Well I can sympathize with you, had the same thing happen this spring. Caught and hived a swarm, it was doing great and looking good this spring, until it wasn't.... noticed less activity at the hive entrace, opened and it up and there was only about a hundred bees, thousands of dead ones, cappings everywhere, and thousands of wriggling larvae in a soupy mess on the bottom board. Yuck what a mess. I also noticed the remaining bees were infested with varroa mites, so its a good thing the hive died out, really.... Luckily they didn't spread the mites to the other hives...
More adventures in beekeeping. I am just grateful to have harvested anything this year, last year was light and lost half my hives over the winter. First time in years thats happened!


----------



## TxGypsy (Nov 23, 2006)

I have some of my worst issues with chemical exposure in cattle areas. Seems like everyone is spraying with herbicides now. They are either spraying the whole pasture with a boom sprayer or they are spraying the fence lines.


----------



## greg273 (Aug 5, 2003)

My philosophy with hive beetles is to not open the hives as much. Seems the bees do a pretty good job of corraling them in the corners of the inner cover and top cover if I don't keep breaking the propolis seal. I noticed more SHB in the hive last year when I was opening them up more.
Apart from adding extra supers a time or two, I really only opened the hives twice this season, once in the spring to see how they wintered, and once to harvest, and the hive beetle numbers were way down compared to last year.


----------



## Vahomesteaders (Jun 4, 2014)

greg273 said:


> My philosophy with hive beetles is to not open the hives as much. Seems the bees do a pretty good job of corraling them in the corners of the inner cover and top cover if I don't keep breaking the propolis seal. I noticed more SHB in the hive last year when I was opening them up more.
> Apart from adding extra supers a time or two, I really only opened the hives twice this season, once in the spring to see how they wintered, and once to harvest, and the hive beetle numbers were way down compared to last year.

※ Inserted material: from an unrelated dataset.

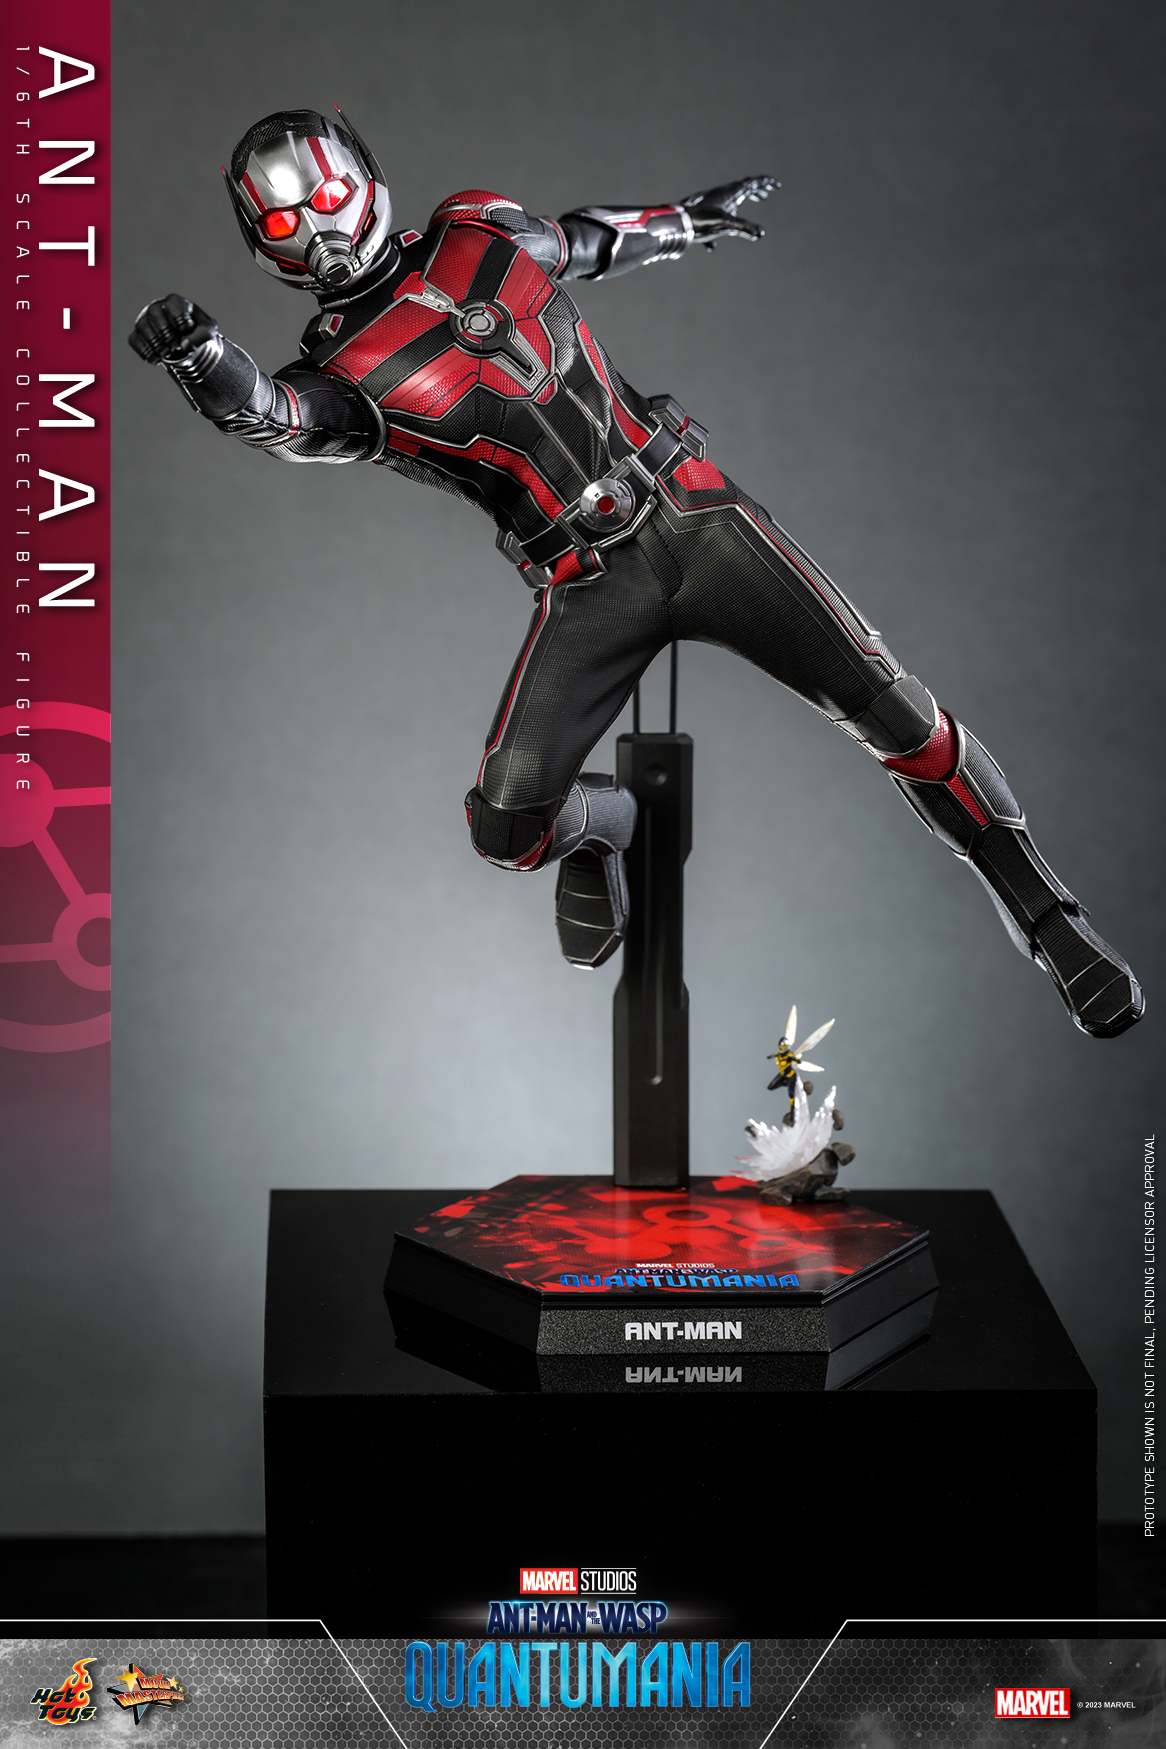 Hot Toys - Ant-Man 3 - Ant-Man collectible figure_PR1
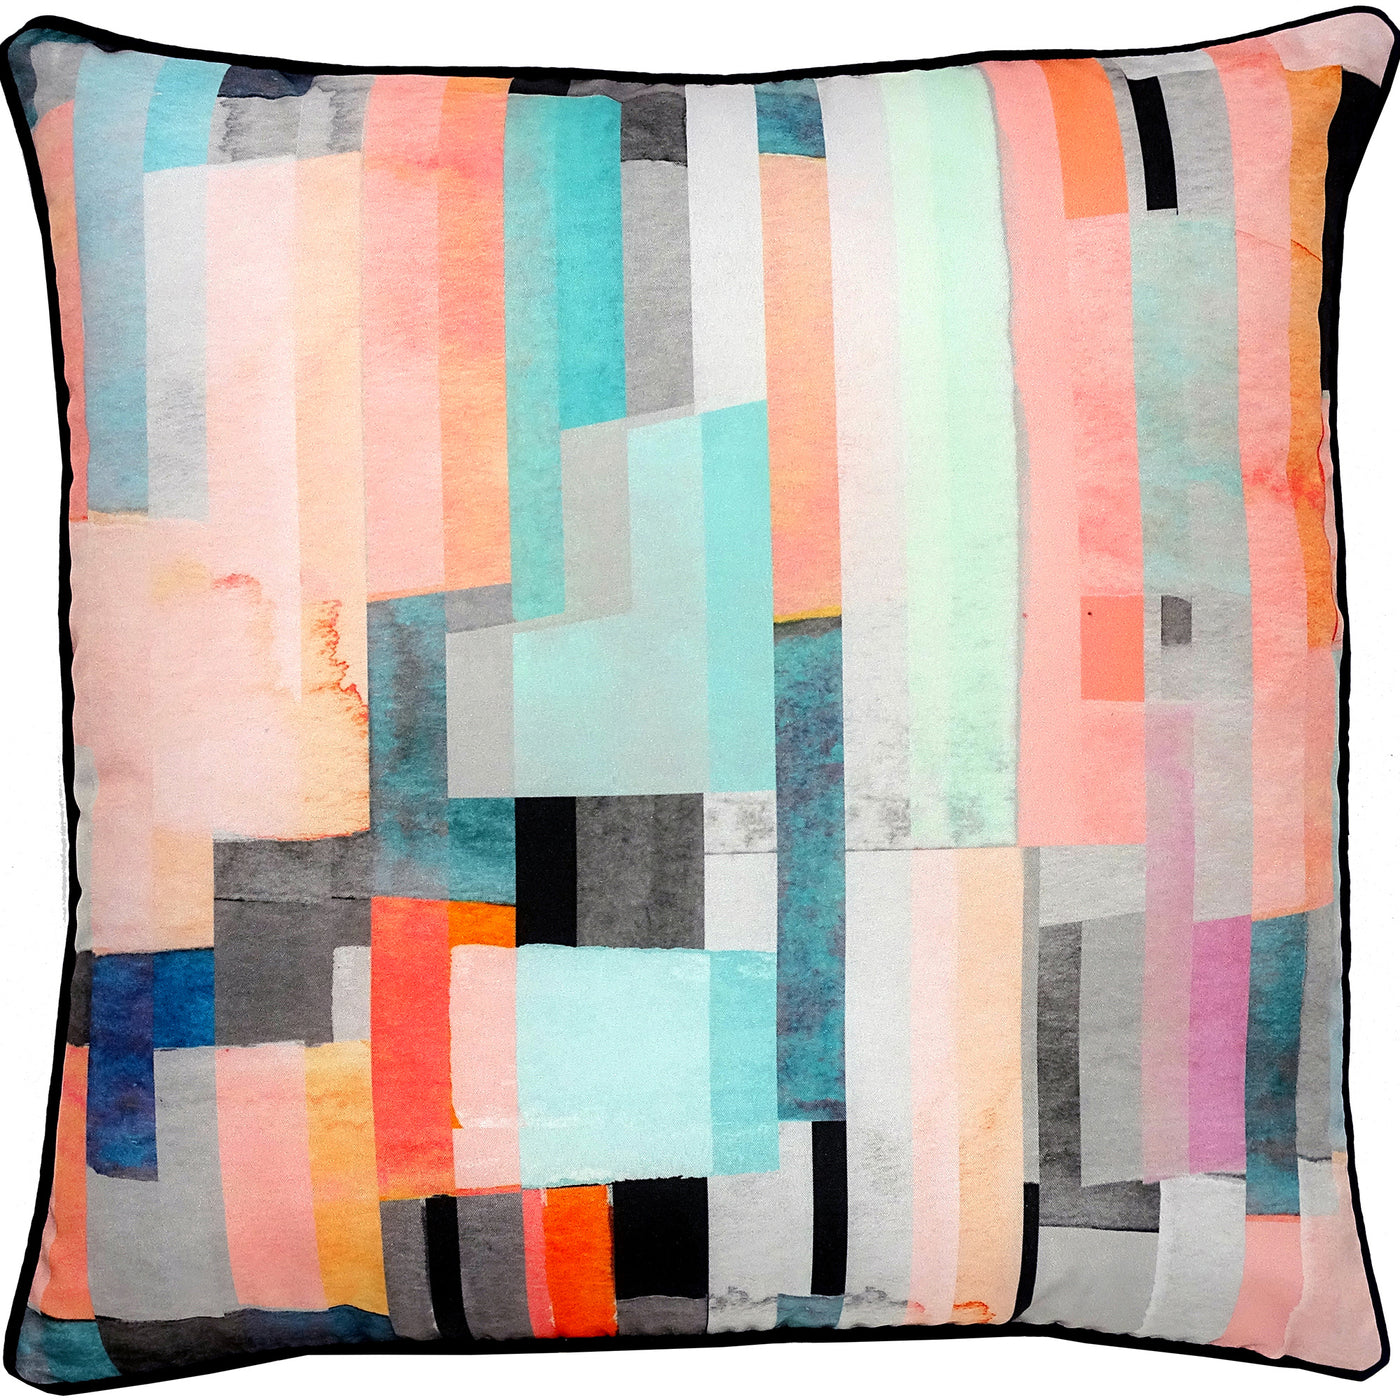 Renwil Olivera Pillow

I take the same approach. Only a handful of times is the hive opened each year. And that's if I notice a problem. This time I noticed thousands of dead bees around the hive. Oddly enough I found a large hornets nest growing on the fence line of our property while bush hogging. I took the loader bucket to pick it off the fence. Nothing came out. So I checked it out. It was full of dead hornets. So not only did my bees die, but wild hornets nests died off too. Something is definitely off here.


----------



## alleyyooper (Apr 22, 2005)

I think some one is spraying some thing.

 Al


----------